I have been a slip of an oldie, a ghost of me, wondering around looking for myself. Frantic almost, like looking for lost car keys and running late. Now where did I last see me? Under the rubble on the old chest, under the couch next to the stray flip-flop? It is a strange feeling to misplace yourself, but that is kind of what has been happening. I knew of course it was from being too busy. I am not the sort of person that can go for long stretches attending to this and that without time to sit and ponder it all. I get lonely, oh so lonely, for the company of my own contemplation.
So the other night, I bundled up in my daddy's old sweatshirt, and dragged my old self out to the balcony. I wrapped up in a soft, shaggy pinkish red blanket, pulled up my hood (April evenings are still pretty chilly in Jersey) lit a lemon candle and sat still...
I swear I felt a subtle thump as my soul settled back into its rightful spot. I have no delusions about who I am. But I still wanted me back. So what that I am and may always be in an arrested state of development? So - I am immature for my age and under-accomplished; whatever. I know for sure that my grandest gift has been my ability to love and I do that fiercely, finely, most commendably. If I die tomorrow I will know at least that I was able to do that.
Having my soul back in alignment helps me view all of humanity more tenderly. When a certain someone is being greedy, I am able to see his selfishness as fear. When someone is loud and obnoxious, I am able to see it as a cry for attention, a plea to be appreciated. I love this fleeting state. If it were permanent, I would be a saint. But I know all too well that it will fade and soon I will once again be cursing the certain someone, and rolling my eyes at the loudmouth on the train. But today, just for now - I get it. It is a great state to be in.

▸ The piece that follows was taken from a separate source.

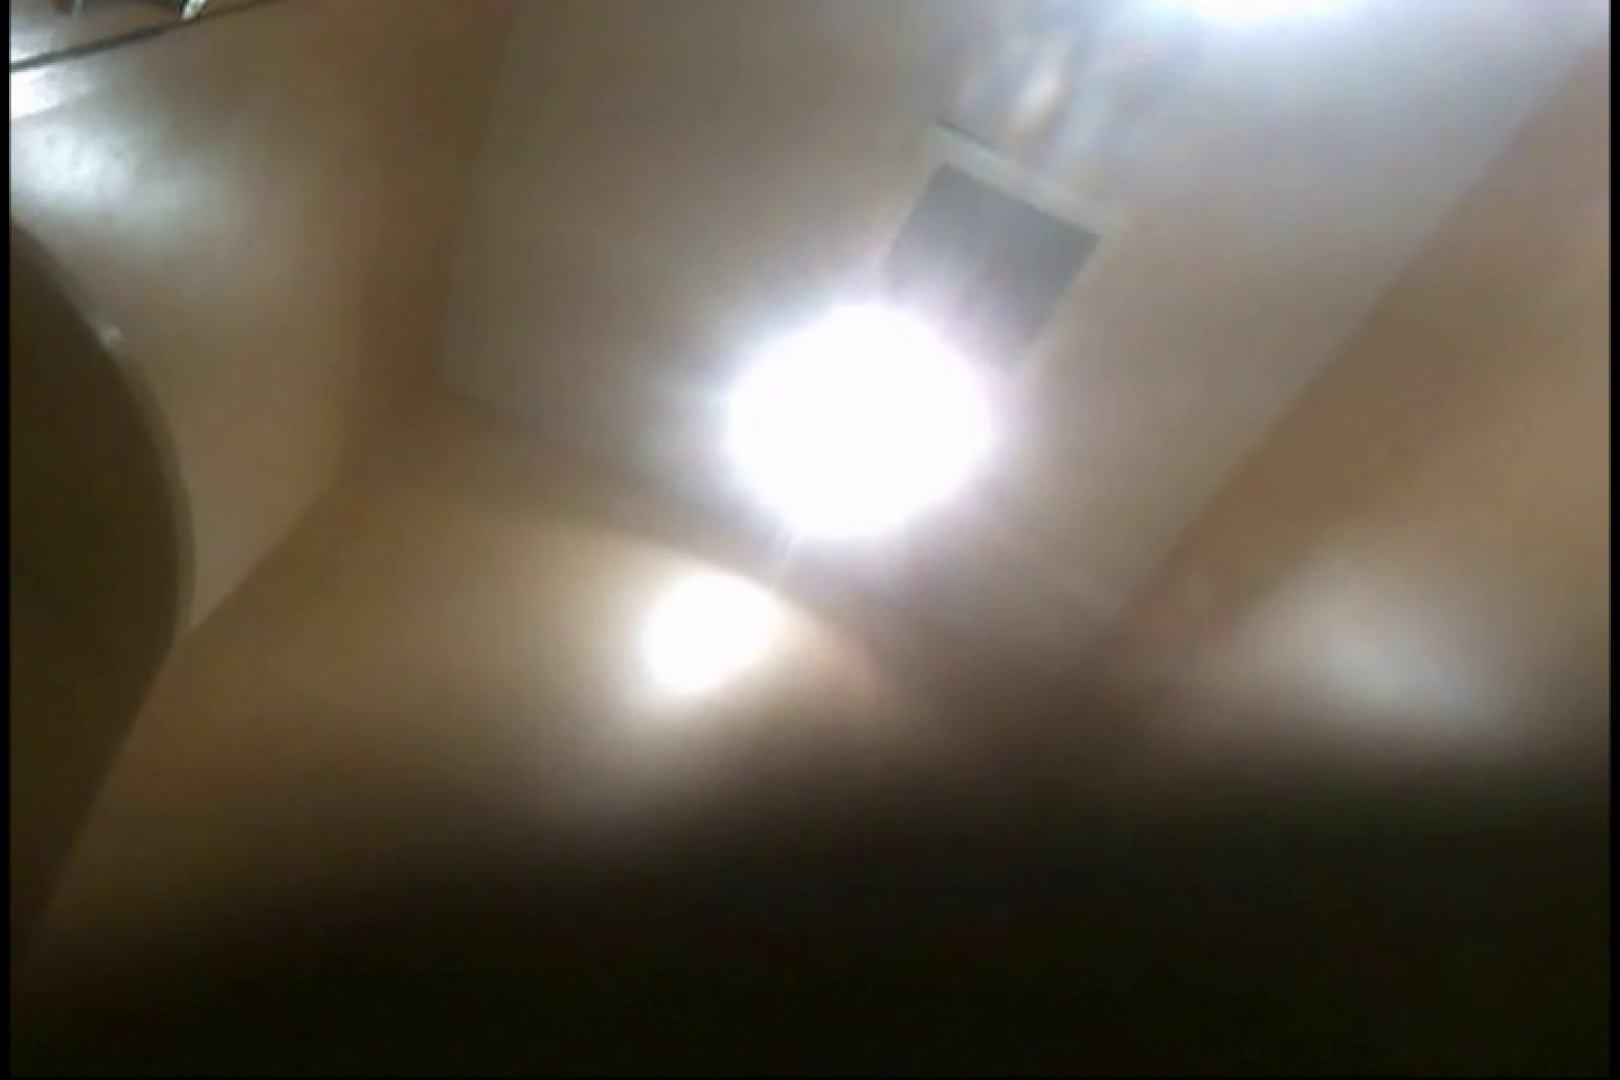 画質向上!新亀さん厠 vol.55 オマンコギャル おまんこ動画流出 83連発 45

As I was driving home from the store parking lot, my car and I waited obediently for a woman, who looked about my age, to cross at the walkway. She didn't look up and thank me for sitting patiently for her to waddle on. On another day I would have been annoyed that she didn't smile or nod or at least lift her grocery bag in acknowledgement. But today, I just watched her cross in her too- tight, stretch pants that might have been better reserved for the privacy of her home. Her cheeks jiggled independently as she flip-flopped on by. " Awww, her butt..." I felt, rather than thought, in much the same way someone would feel about a baby duck toddling by. Her rear was so apparent, not hidden away but right there - so...so... human? A butt, different, but still basically the same as mine, two cheeks, wiggle-wiggle, the same as each and every other human being's.
I drove home enlightened, in love with humanity and all of it's failings, frailty and splendor. And to think that all it took was a glimpse at another fifty- year- old tush in motion. It is great to be "home" again.